I took a deeper breath and bent down. I plucked at the dead jerk’s sleeve and tried lifting the arm, which was heavier than I’d expected. Deadweight. Ha.
Not funny.
I couldn’t get good enough leverage, so I took hold of the jerk’s wrist.
Warm wrist. Supple wrist. Alive wrist.
Quite clearly alive, or at least I sure as hell hoped so, because he moaned.
The kitten mewed and I yelped, which, I suppose, was better than the scream I’d felt like belting out.
Hells. Double hells. A dying person was a lot more of a problem than a dead one. I glanced back down the beach. A wall of gray rain blocked my view. I looked up the shore, and got the same—rain.
I wiped my face with the hand that hadn’t touched the not-dead guy and bent over again to get a closer look.

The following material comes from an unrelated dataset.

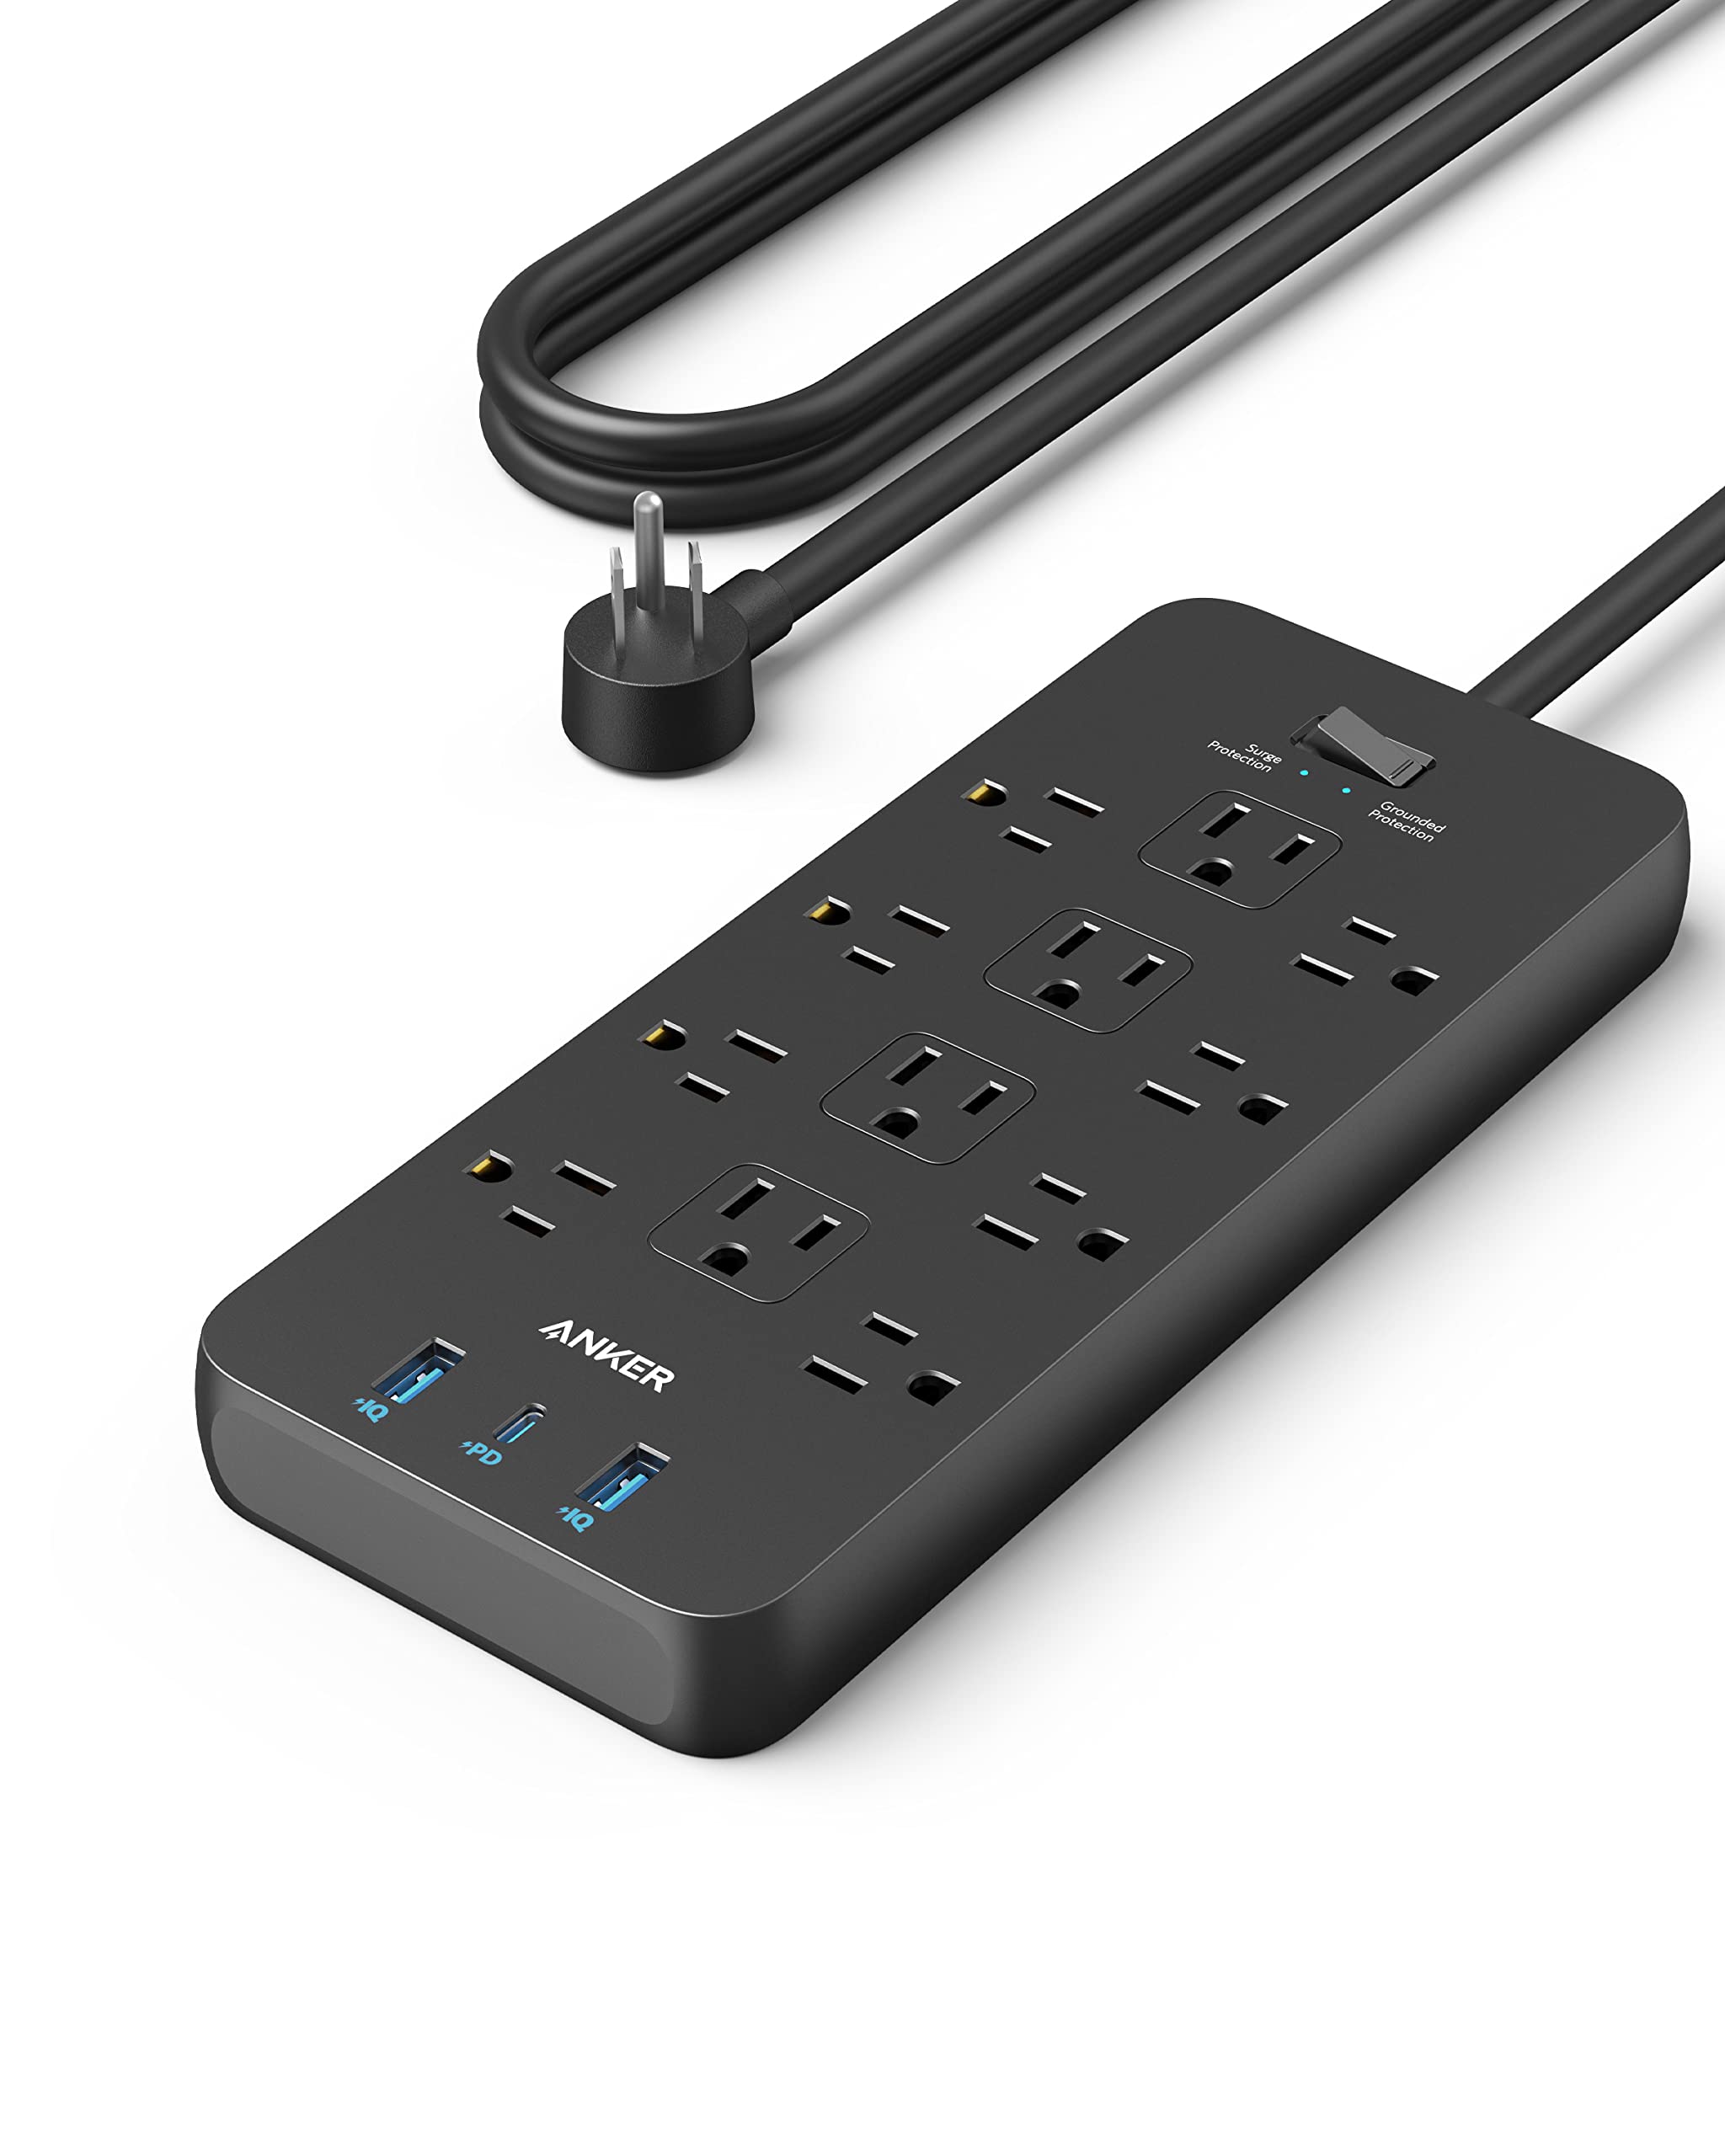 Anker Power Strip 2100J 12-Outlet Surge Protector w/ 2x USB A + 1 USB C Port on sale for $21.99

He was lying on his stomach and just half of his face was visible. He looked younger than me, and had narrow features leaning toward delicate. He reminded me of a boy who played violin down the street from me when I was ten. His skin was the color of fog and rain, and his lips were blue. Not dead yet, but not much alive either, I decided.
Thinking about back and neck injuries, and the inadvisability of moving someone who was hurt, I gently pushed him over onto his back anyway.
Thin. Malnourished, and bleeding from somewhere under his shirt.
I tugged his sweatshirt up, and hissed at the gash in his chest.
Someone had gone all stab-happy on him, and recently. The wound oozed a little, but wasn’t gushing, which didn’t make sense until I placed my finger at the edge of one of the puncture marks.